This poem about alcohol pretty much sums it up for me. It paints a true picture of what it’s like being caught up in this horrible addiction and disease. There’s no doubt about it – alcohol will give you the illusion of being happy. For the longest time I thought I really WAS HAPPY but I wasn’t. It was fake – all of it.
I remember the first time I heard someone saying that alcohol was a depressant. I kept thinking “what the hell are you talking about???”. I honestly thought it did make me a happier person – at first, drinking was TONS OF FUN. But then it stopped being fun and turned into a black hole of complete misery.
I always knew that alcohol affected me differently than it does other people. For me, I had that whole “Dr Jekyll and Mr Hyde” thing going on. Honestly it just made me a “mean drunk” with a hate-on for life. It developed into a vicious cycle of making me feel like crap but then wanting to drink because I thought it made me feel better.

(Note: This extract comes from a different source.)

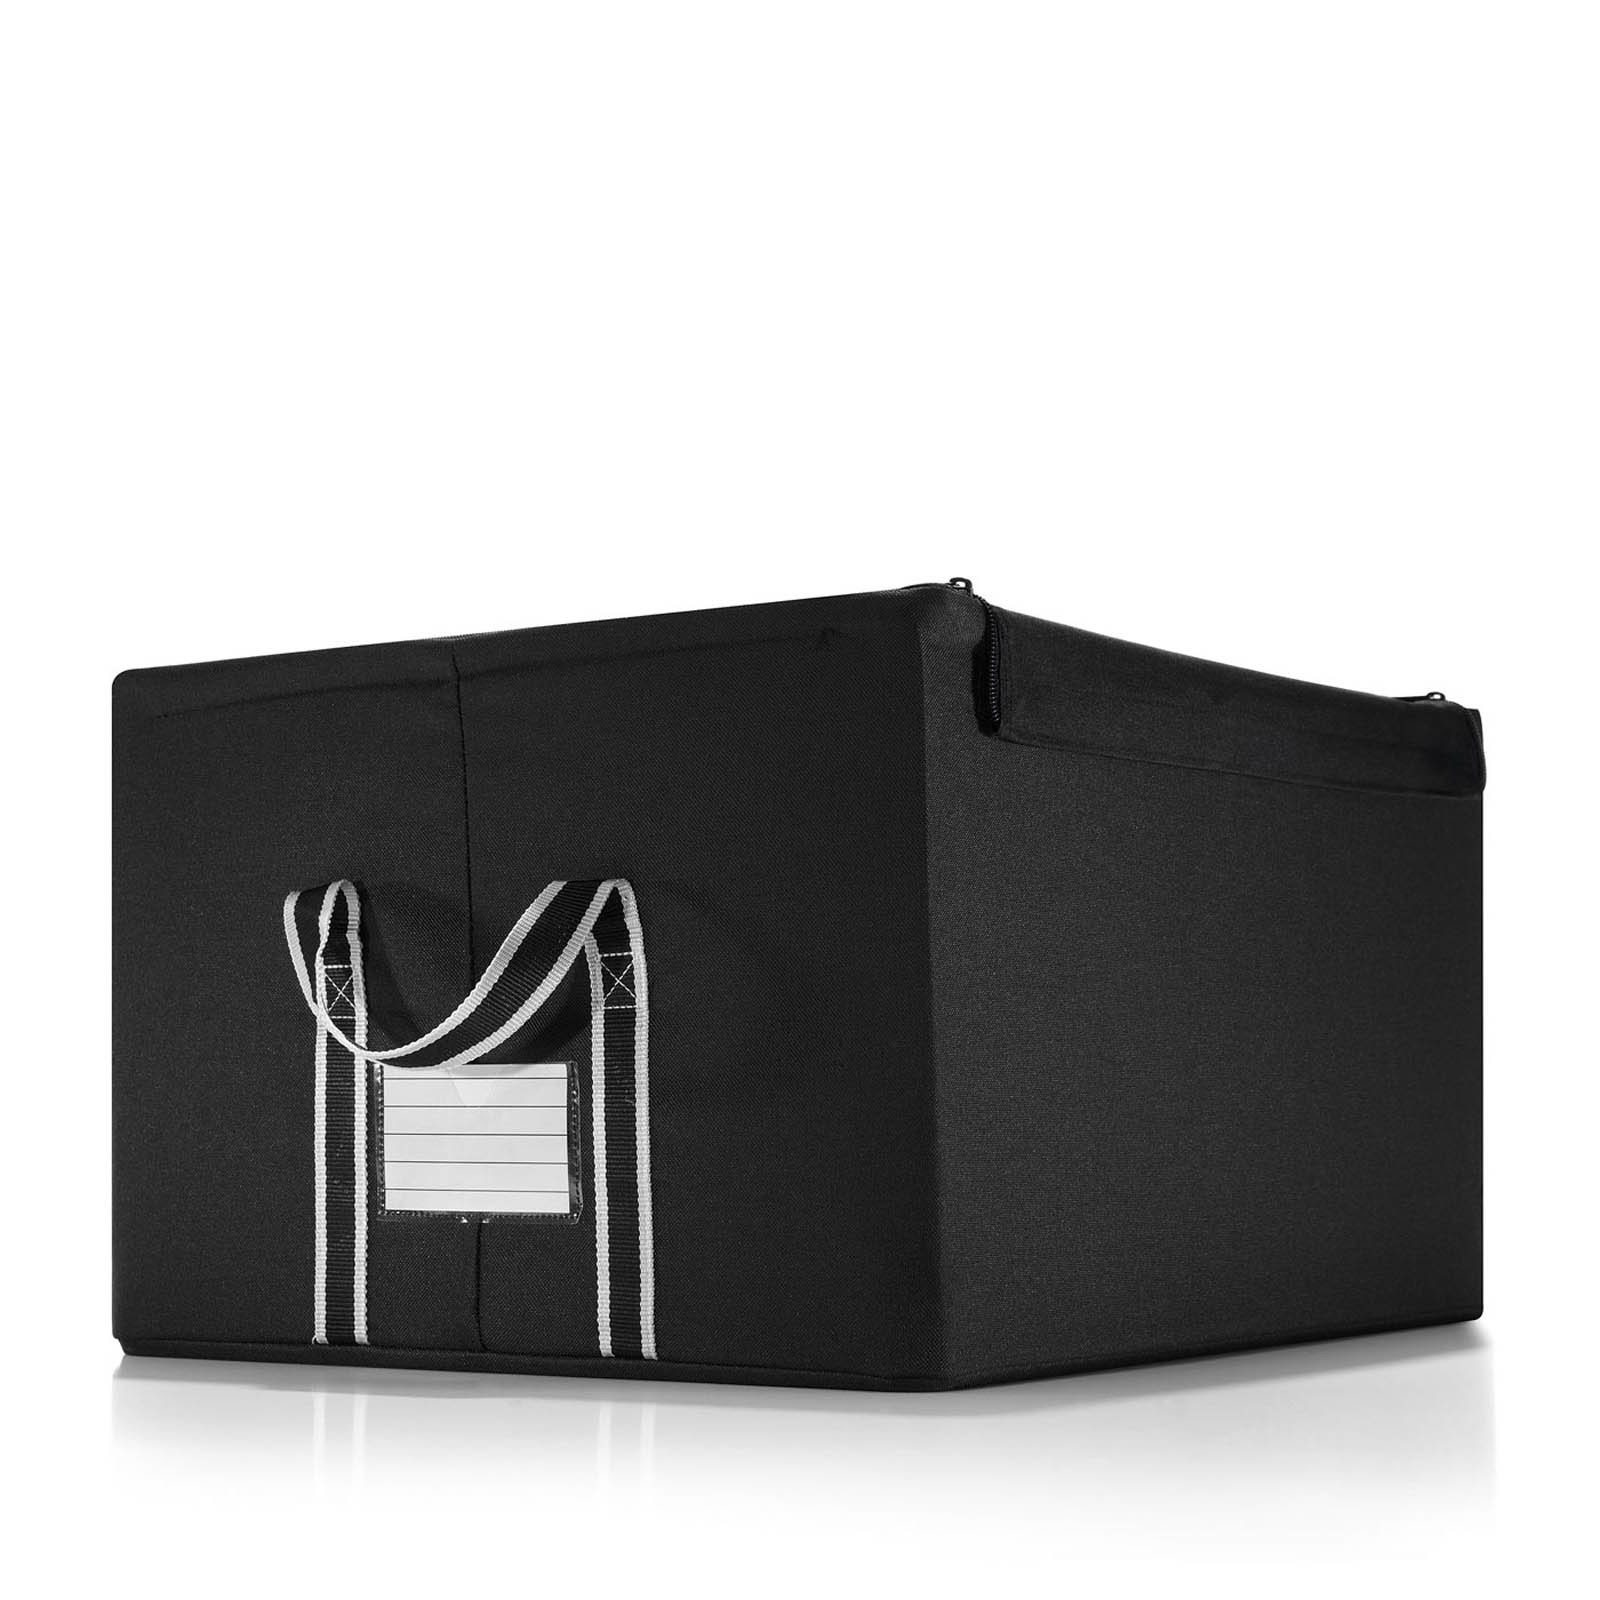 reisenthel doktortasche preisvergleich die besten angebote online kaufen. Black Bedroom Furniture Sets. Home Design Ideas

I was able to break that cycle on December 05, 2015 and I’ve been sober ever since. I can honestly say that I have ZERO interest in ever touching another drop of booze. It has never done me any favors and my life is soooooo much better without it.
Only now can I see how destructive this disease can be – not only to myself but also to loved ones who surround me. I feel it’s important (for me) to remind myself of the hell I went through and I do that by reading quotes from time to time.